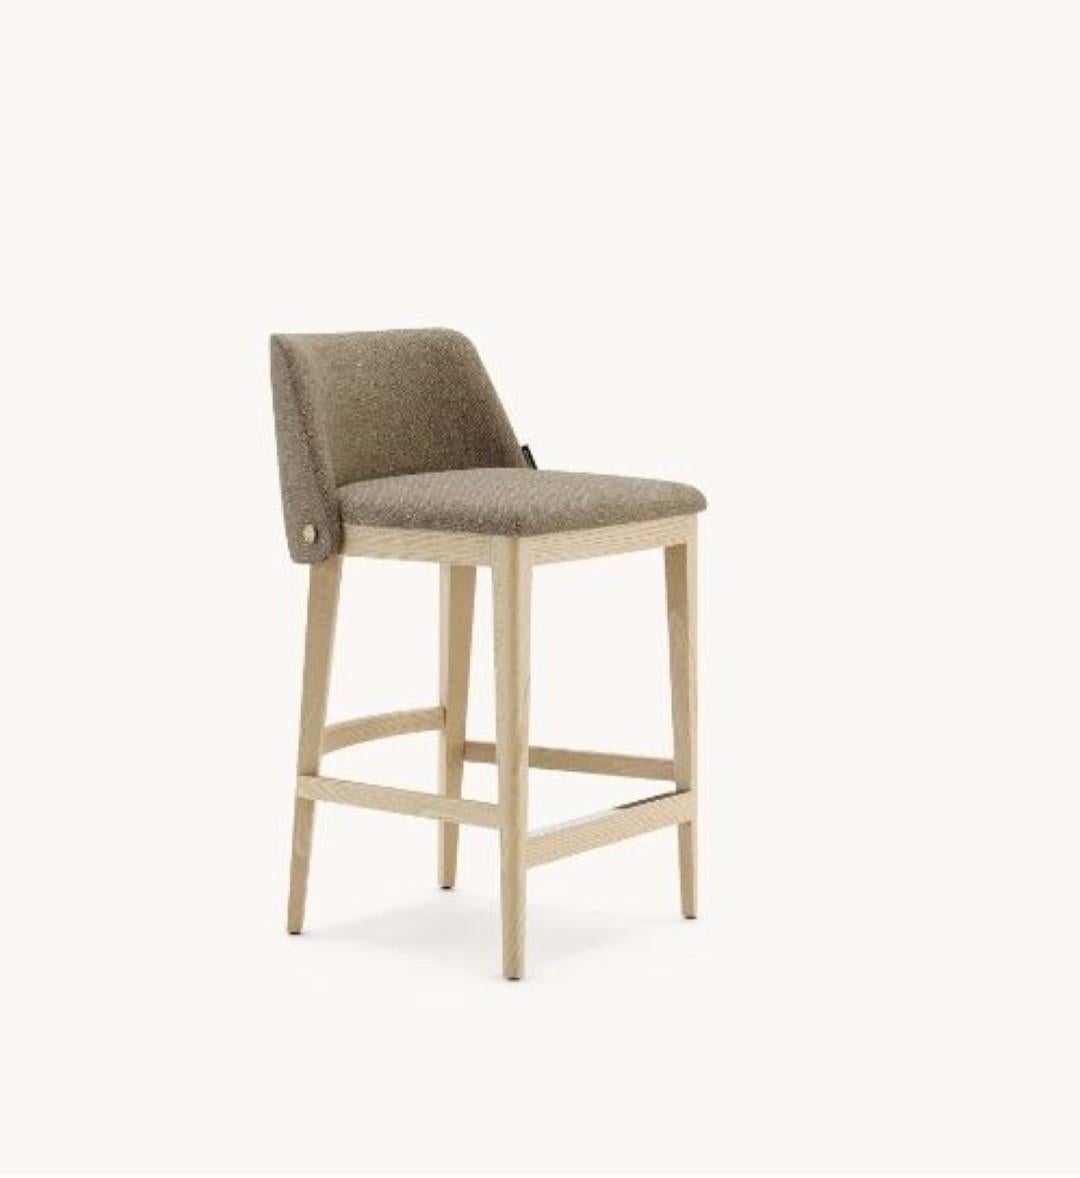 Louise counter chair by Domkapa
Materials: Fiber, Natural Ash, Steel. 
Dimensions: W 51 x D 50 x H 83 cm. 
Also available in different materials. Please contact us.

Designed to make a statement, Camille bar and counter chairs are the perfect
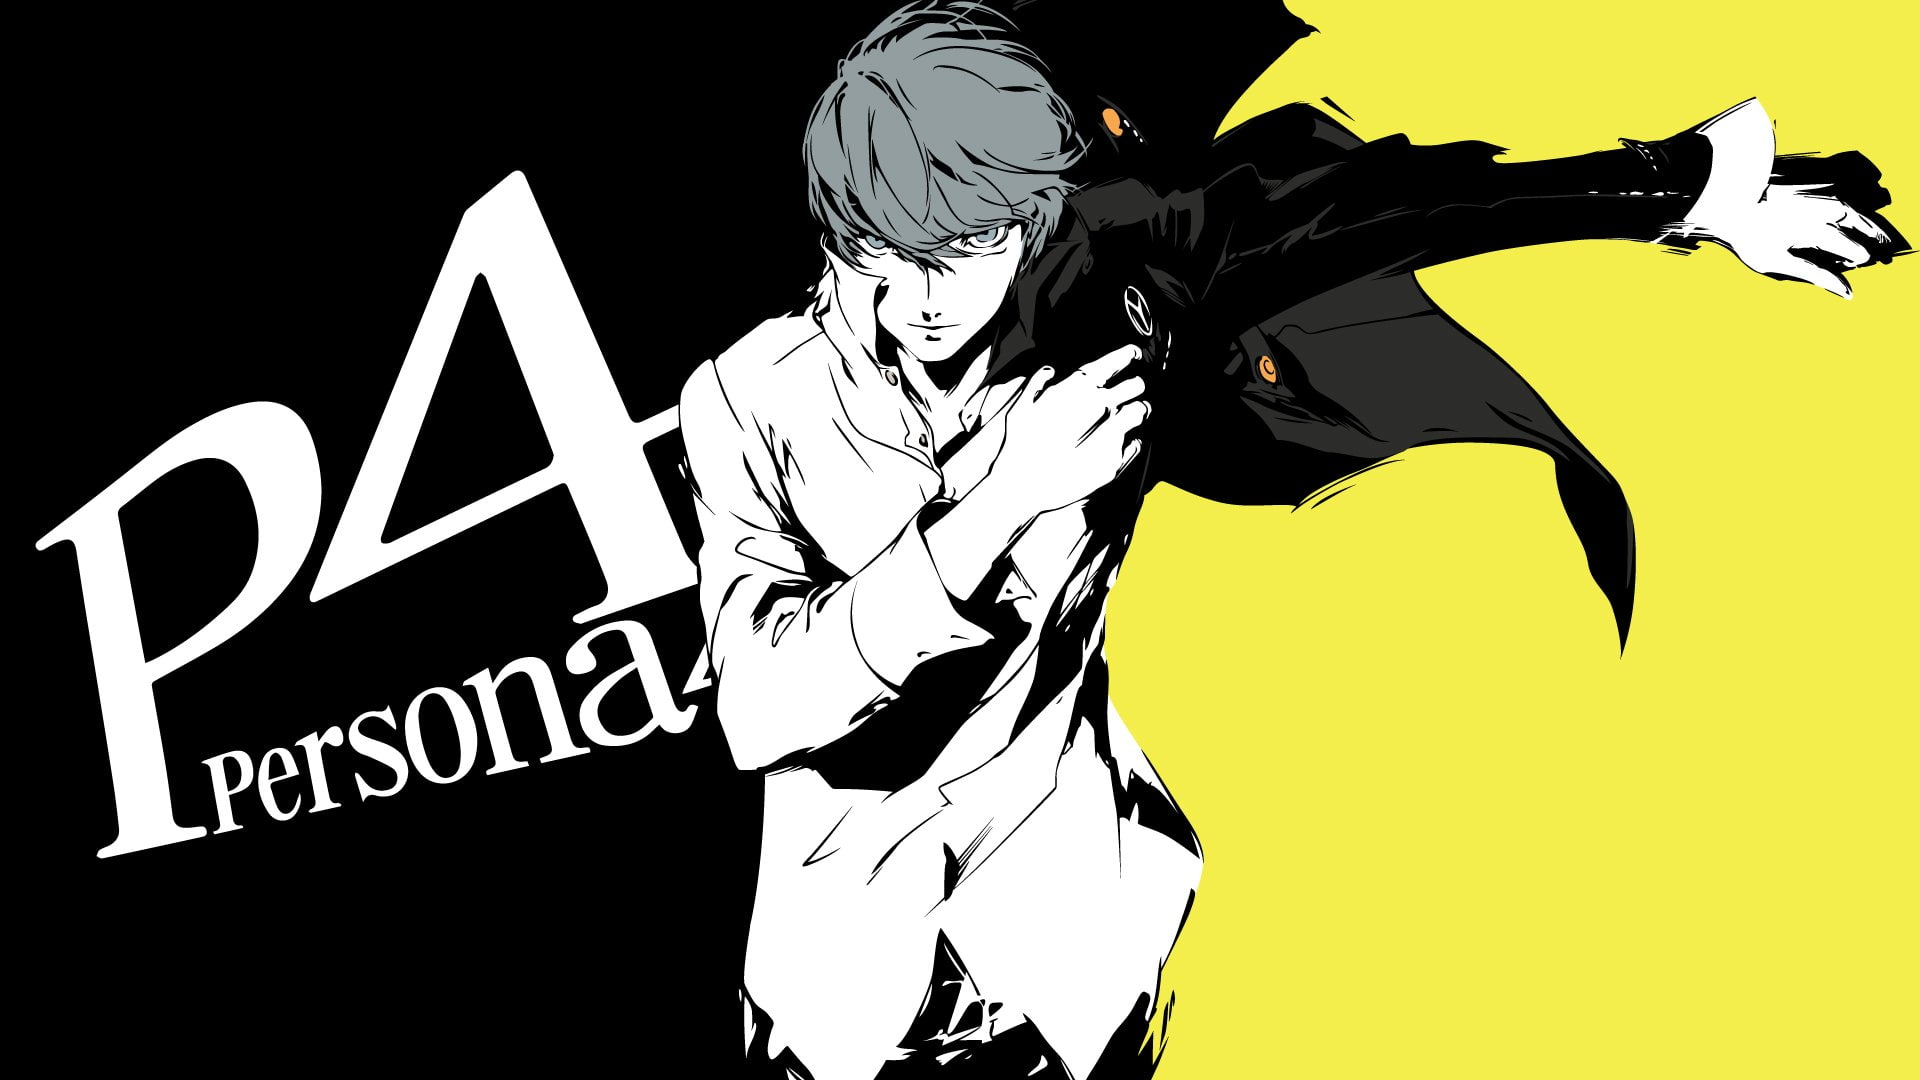 Persona 4 Persona Series Protagonist Jacket Video Game Characters Video Games Anime Boys 1920x1080

- - - -

- Exercise directions -
Take the listing above and restate it word for word, without its pictures.

- Solution to this task -
 Louise counter chair by Domkapa
Materials: Fiber, Natural Ash, Steel. 
Dimensions: W 51 x D 50 x H 83 cm. 
Also available in different materials. Please contact us.

Designed to make a statement, Camille bar and counter chairs are the perfect
 Persona 4 Persona Series Protagonist Jacket Video Game Characters Video Games Anime Boys 1920x1080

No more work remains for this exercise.